My Upgrade to SSD
by Dave
After much debate and price watching, I've finally bit the bullet and picked up a solid state hard drive.
The drive I settled on after checking the benchmarks, then reading the reviews while comparing features was the OCZ Vertex 2 60GB.
The amount of storage is pretty small, this doesn't concern me much, as the drive will only store the operating system, in this case Windows 7, as well as a few key applications and my current favorite game. I have an additional setup of 2 more 250GB hard drives set up in a raid stripe which are now used for my main drive. As my backup drive, I have information on 3 different places, my raid hard drive, the backup hard drive, and then online. This gives my current configuration a total of 4 hard drives.
Currently my home setup is the above drive setup, a DVD burner, 5GB of RAM, a Gigabyte motherboard. The processor is a black edition x4 940 overclocked at 3500MHz on air, 100% stable. My video card is an ATI HD 4870. Yes, I know, for those of you that follow the site, you'll say, I thought you were and Nvidia guy. I am, but first and foremost, it looks like the deal wins. I got this card for a price I couldn't say no to, so I parted with my BFG video card which was very welcome in my wife's, existence coordinator's computer.
Since my old operating system was on my raid setup, I needed to do a couple of things to get this install to work. First, the backup was completed to make it completely up to date, then as a precaution, I always like to disconnect the backup drive when dealing with installing an operating system and partitioning. Just in case.
With my old drives all disconnected and the backup cable marked, the SSD install is nothing hard. I used the supplied adapter and it fit right into the existing drive bay. The
Windows 7 install took longer than usual to identify the drive, but once the installer was going, it didn't take long. Tip for you guys here, make sure you have AHCI enabled in the BIOS to get the most speed out of your SSD.
Hickup on the install. Most all the time, when you install something new, and do a massive configuration change, you run into some kind of a hitch that keeps you from going forward, in this case, it was a slow boot. The Windows screen popped up, but then stayed there without going any further for about 2 minutes. After much research playing and reading, the solution was fairly simple. I disabled all my features in BIOS like sound, LAN, USB, and rebooted the PC. Boot time was super fast. Perfect. Now to turn on the features I wanted one at a time until the slow boot was found. In my case it ended up being the USB legacy support feature which was great since it's not something I need anyway, all other features I use worked perfectly, BIOS set.

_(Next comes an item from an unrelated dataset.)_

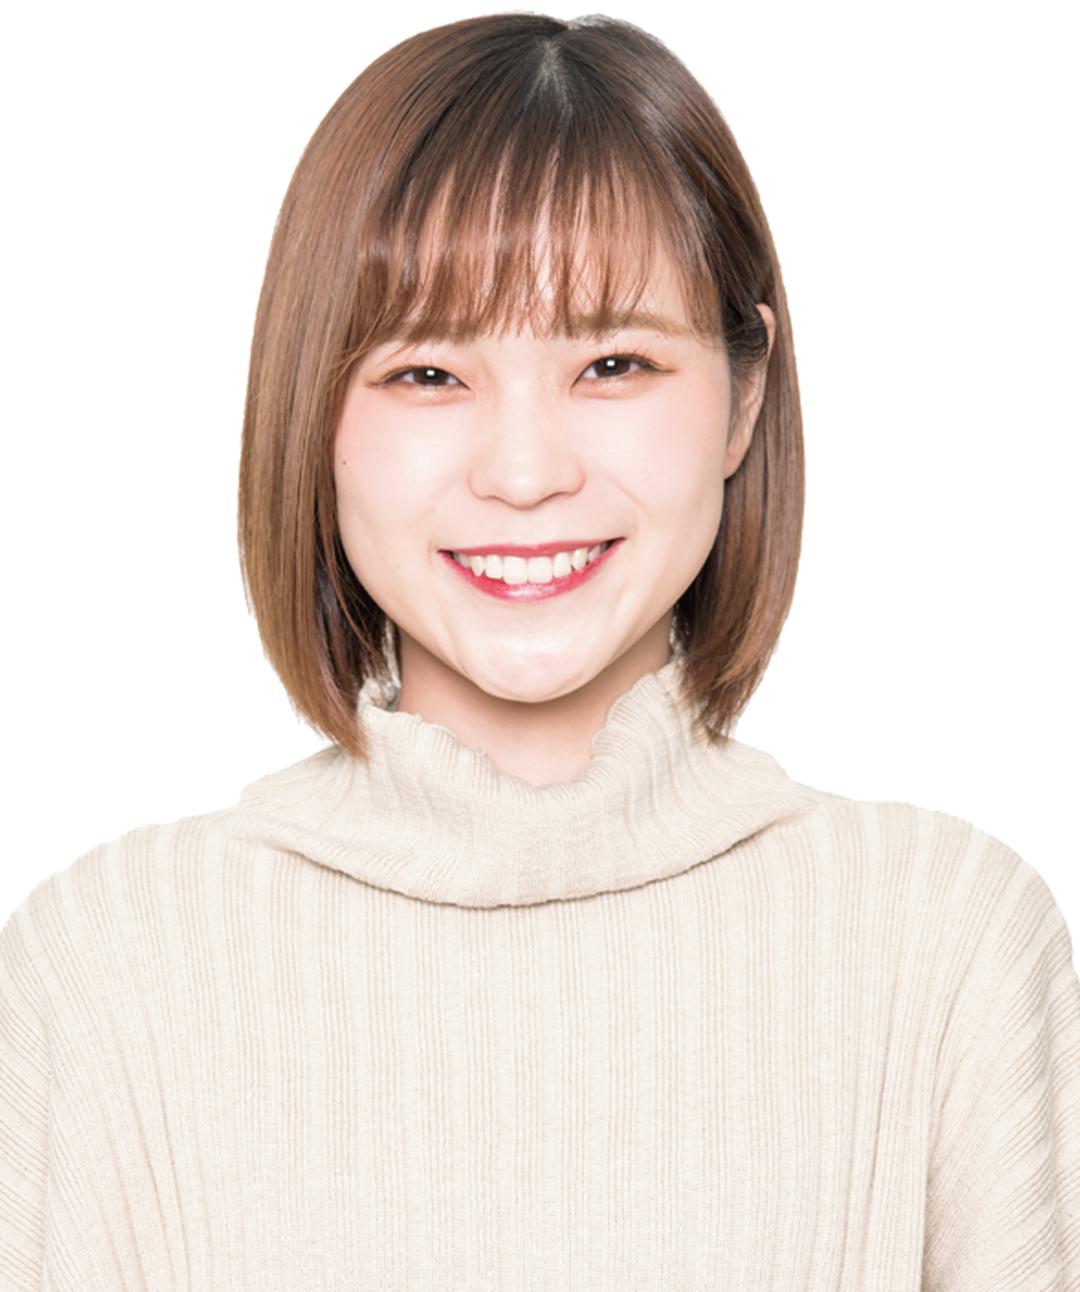 祝♡ 新加入! 5期生のブログをまとめてチェック【カワイイ選抜】_1_9-3
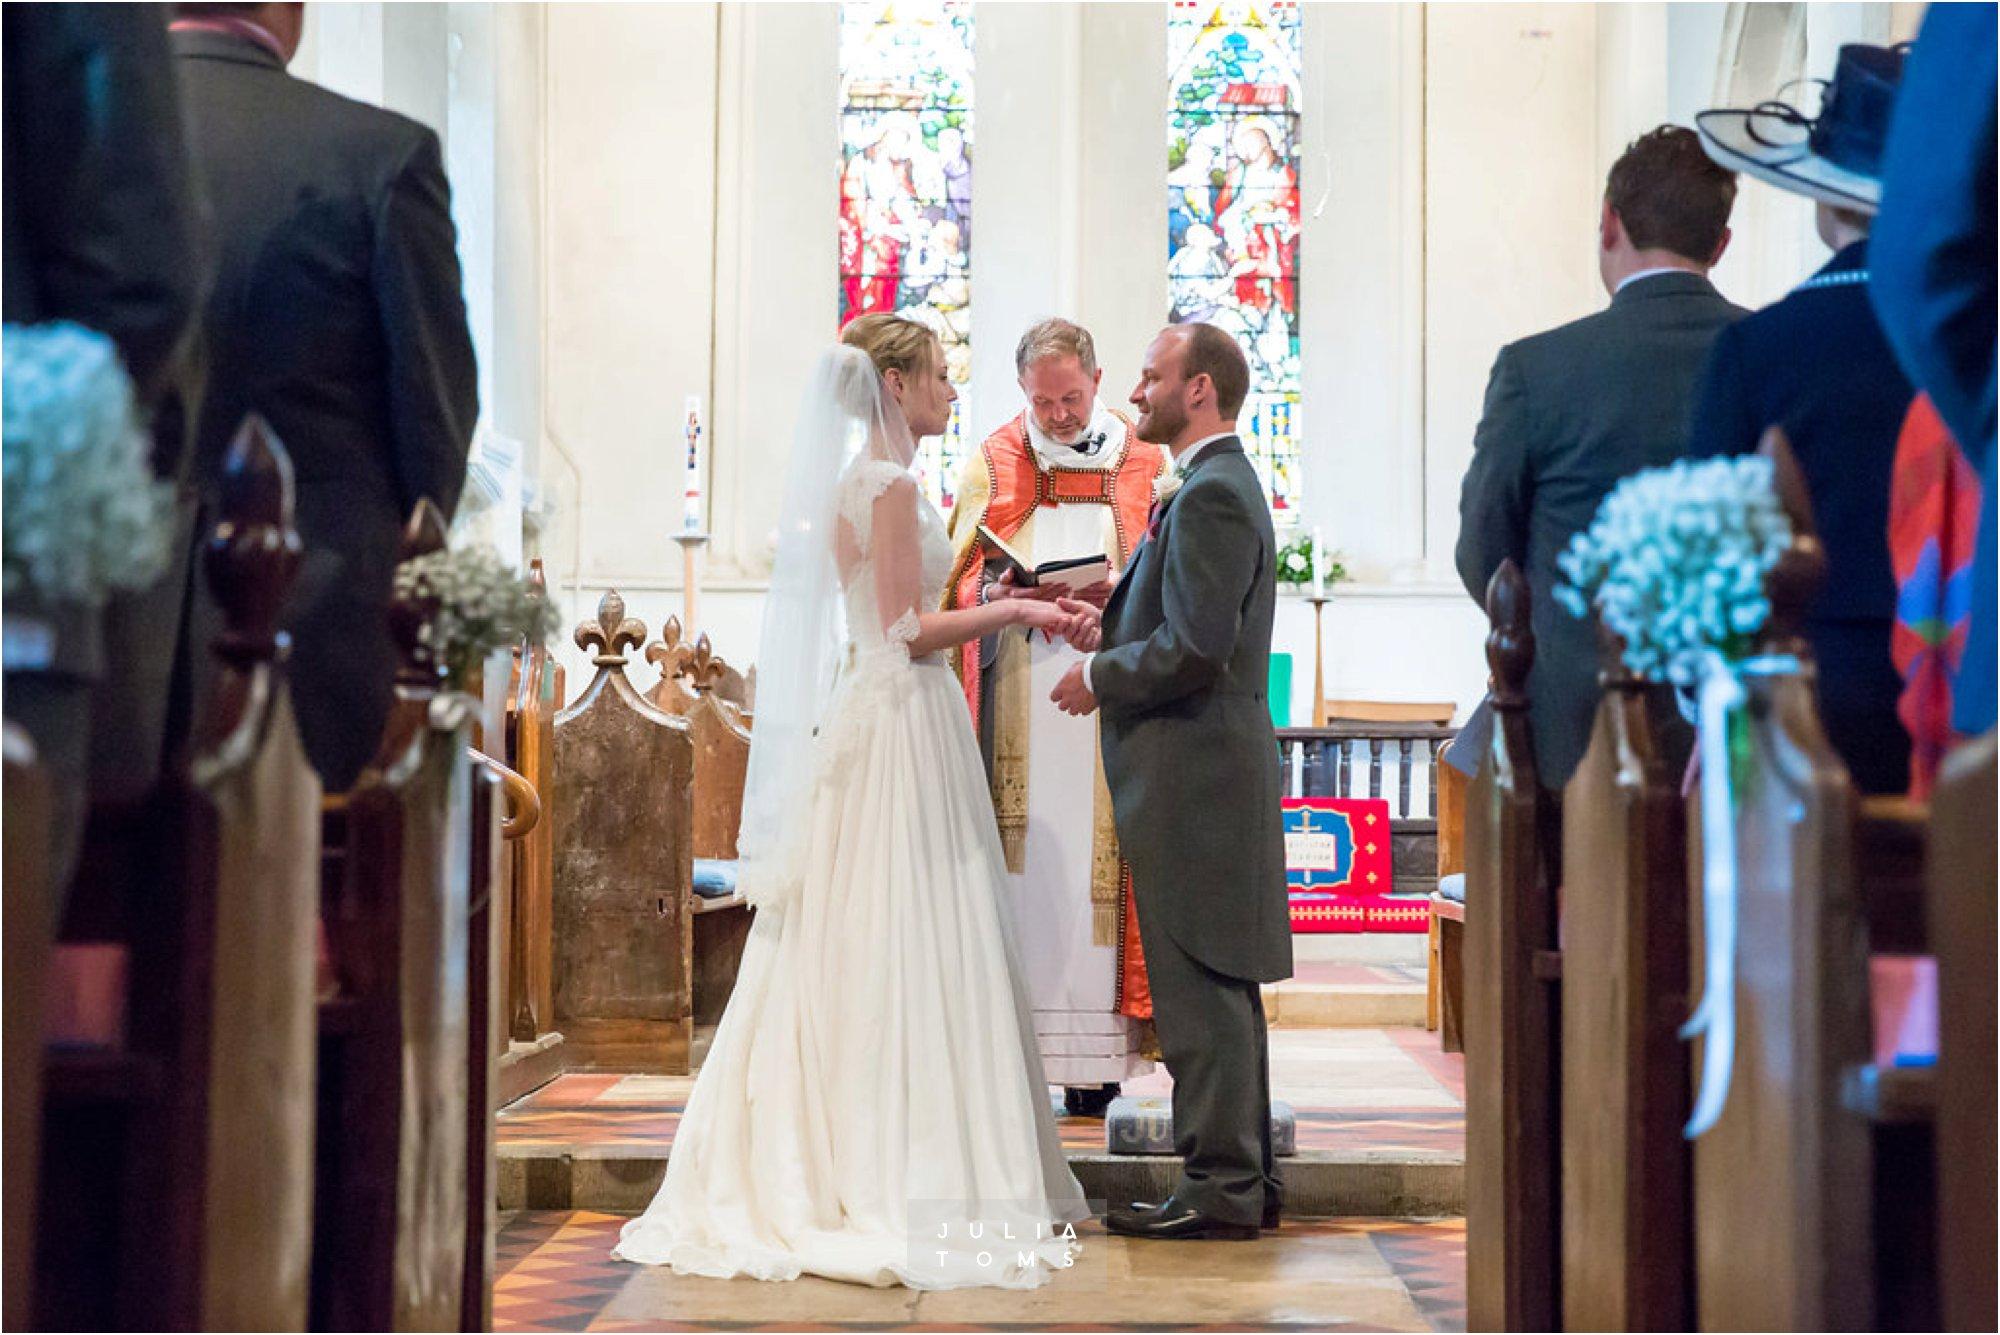 itchenor_wedding_chichester_photographer_030.jpg

Next I powered down the computer, connected the 2 raid drives and booted back up. Since this time I didn't want to make a
raid in the BIOS since the drive feature was set to AHCI, I just made the raid setup in Windows under the manage menu.
Finally, all set up, now it was time to connect the backup drive, restore all my programs and settings.
So how fast was the SSD? I'll put it to you this way. All browser settings, different browser, desktop settings, games, preferences, complete backup volume copied to the working drive, and everything restored to the same desktop it was before user end wise took an hour and a half. Typically in the past, this is something I'd span over a couple of evenings then several days later it was all back to the way it was. With the SSD, there were times I have 4 installers going while copying 200GB of data and modifying settings simply because it was tough to bog it down.
For those number people out there, I also had to do a benchmark before and after to see how my drives scored. My current 2x250GB blue edition Western Digital drives scored a benchmark score of 412, which was 55MB/s read and 55MB/s write, random writes were in the 20MB/s. The OCZ Vertex 2 drive had 205MB/s reads, 96MB/s writes, and random writes were at 207MB/s with a score of 1812.
Now that it's all done, I can honestly say, this is an upgrade any computer enthusiast will love. It takes the bottleneck feeling completely out of the hard drive. Applications launch so fast, I'm still getting used to it. Loading times on games at present are held back by my internet connection. I like that. To date, this is probably one of the best hardware upgrades I've done ever. Never have I had a computer upgrade change my system that dramatically.